# Exercise brief
Where the data below shows a picture, leave that picture out and copy the rest exactly.

# Data provided
▬▬▬▬▬▬▬▬▬▬

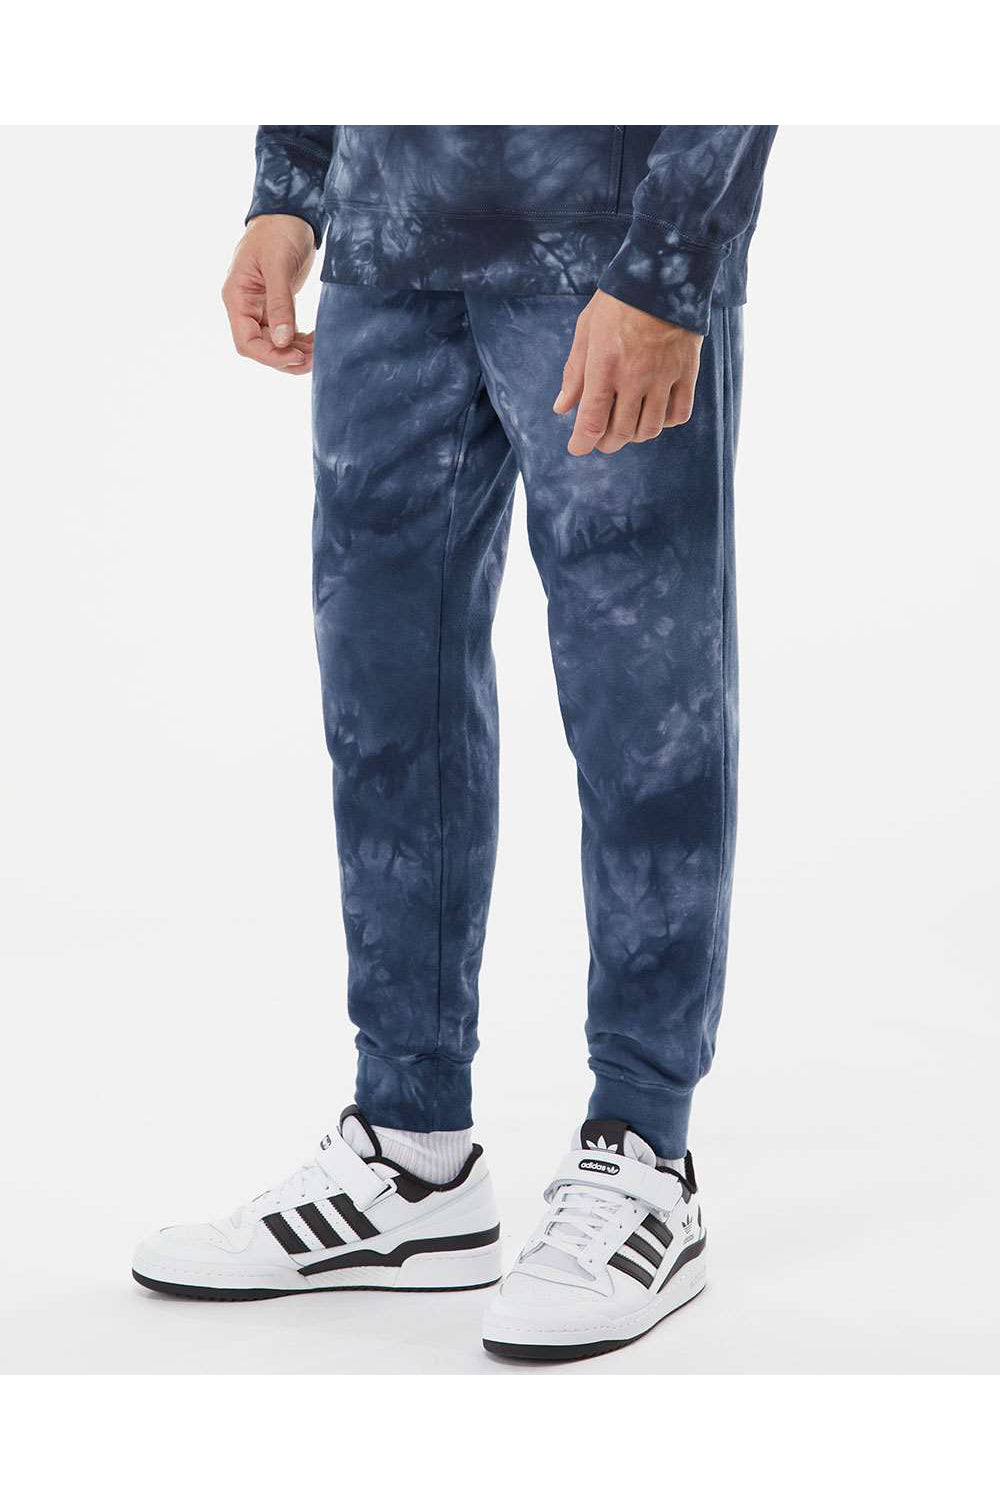 Independent Trading Co. PRM50PTTD Mens Tie-Dye Fleece Sweatpants w/ Pockets Navy Blue Model Side
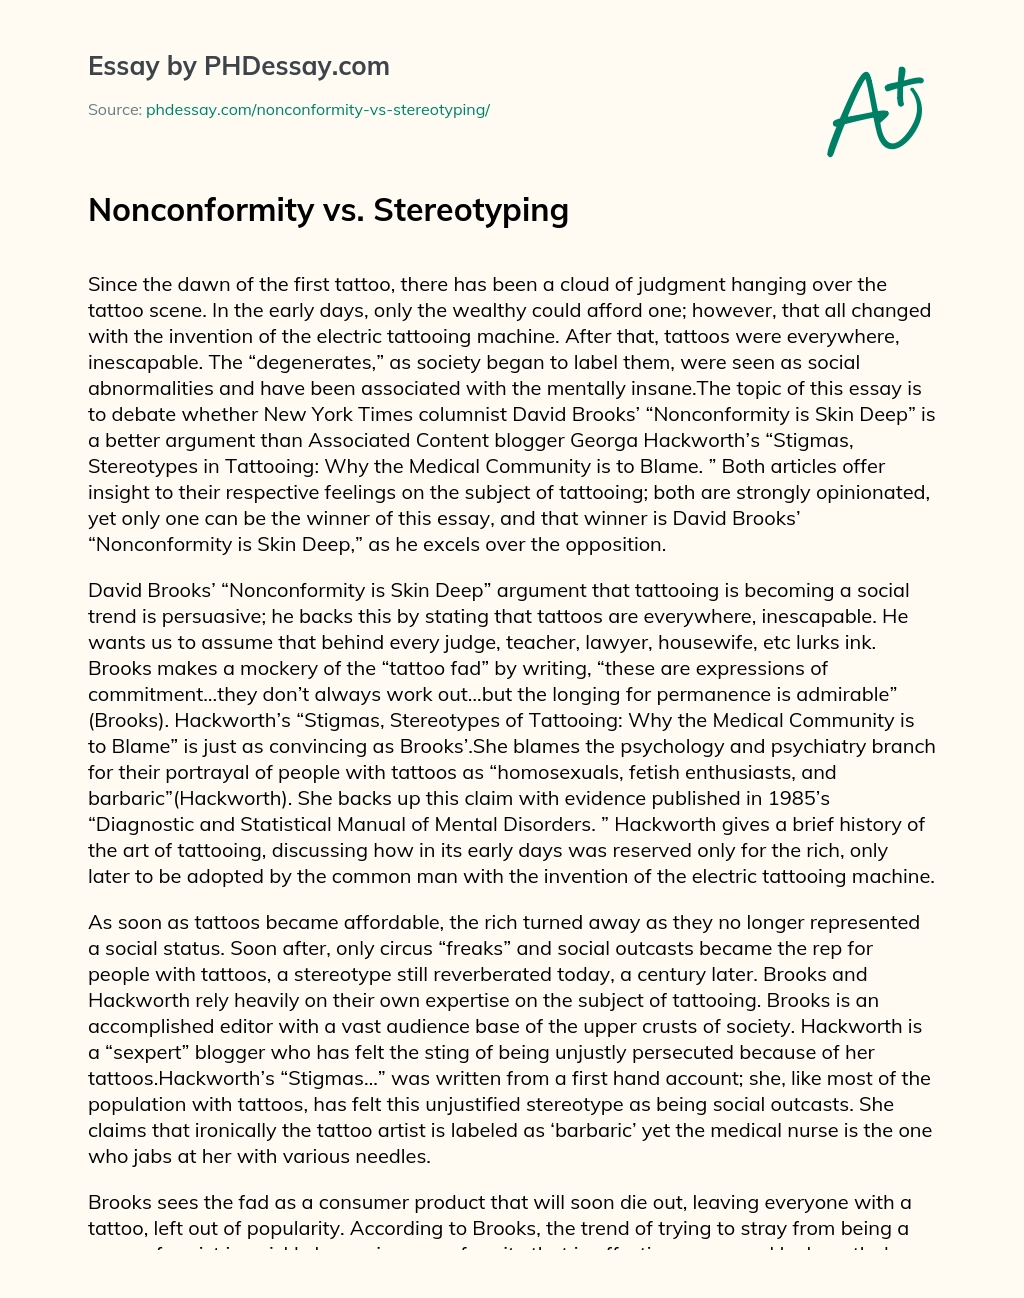 Nonconformity vs. Stereotyping essay
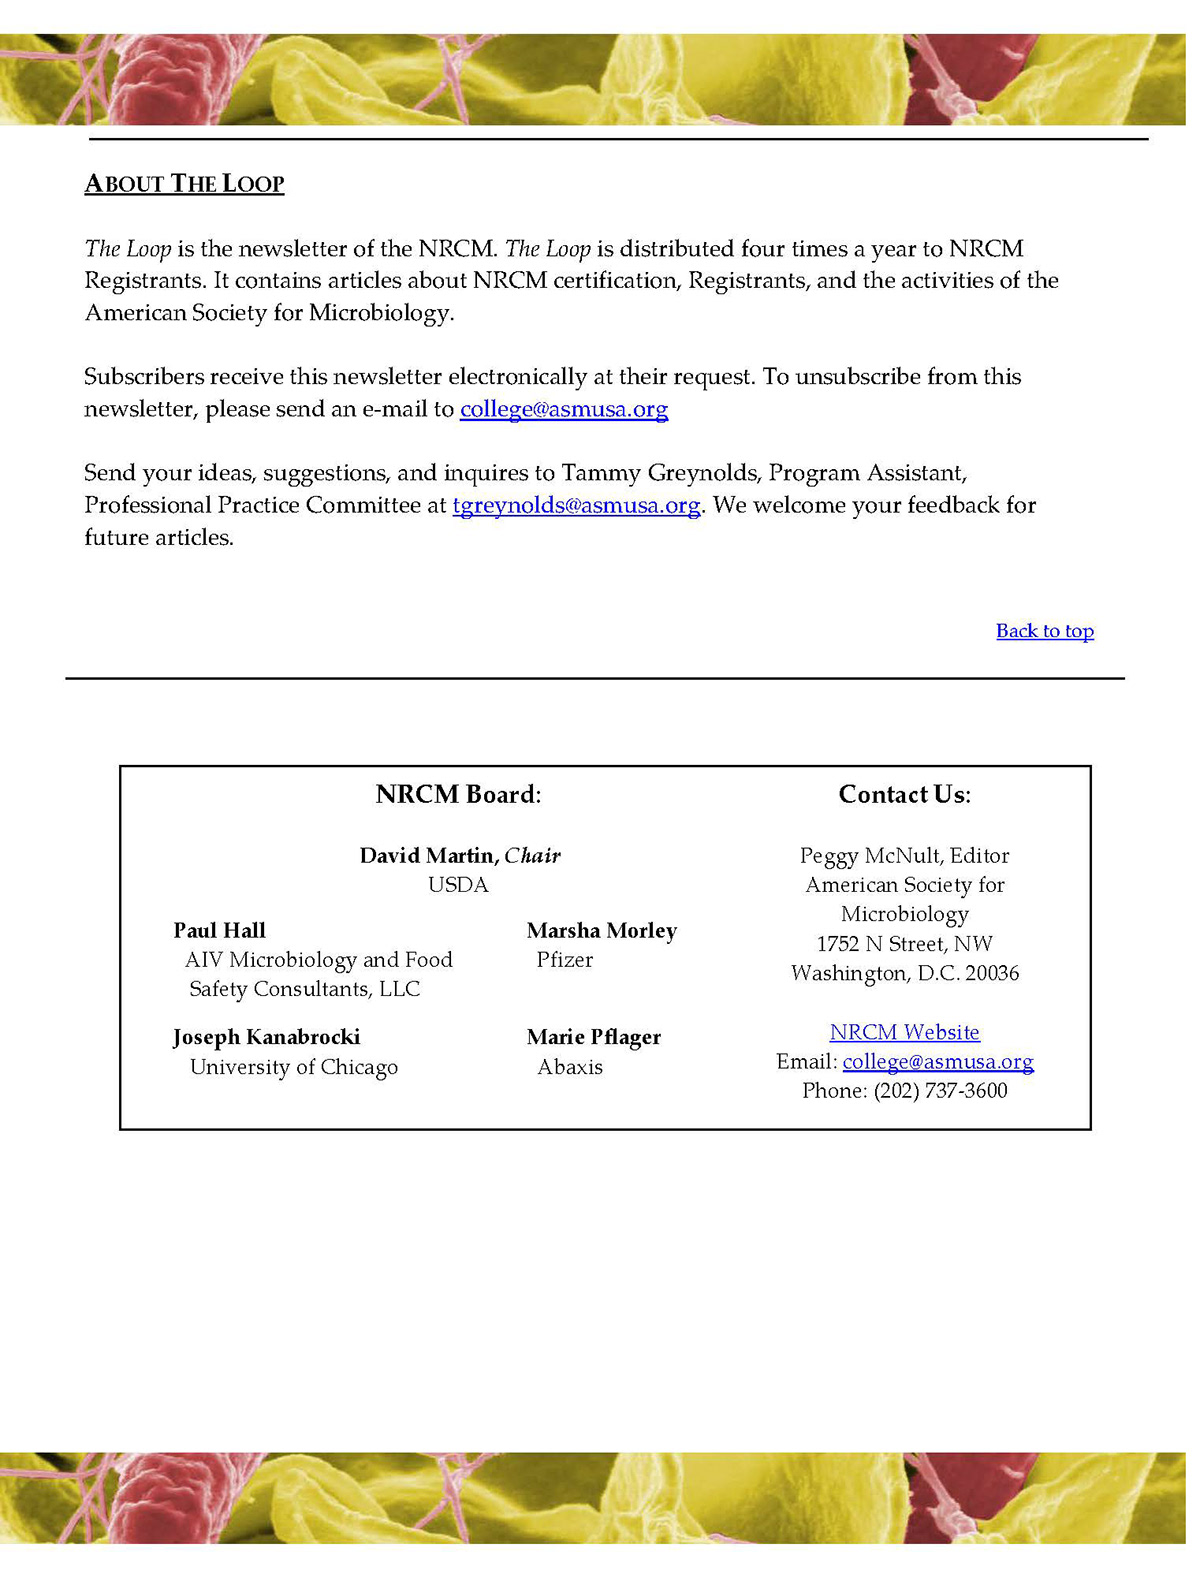 newsletter the loop NRCM Registrants program promotions

▬▬▬▬▬▬▬▬▬▬

# Exercise output
 Independent Trading Co. PRM50PTTD Mens Tie-Dye Fleece Sweatpants w/ Pockets Navy Blue Model Side
 Nonconformity vs. Stereotyping essay
 newsletter the loop NRCM Registrants program promotions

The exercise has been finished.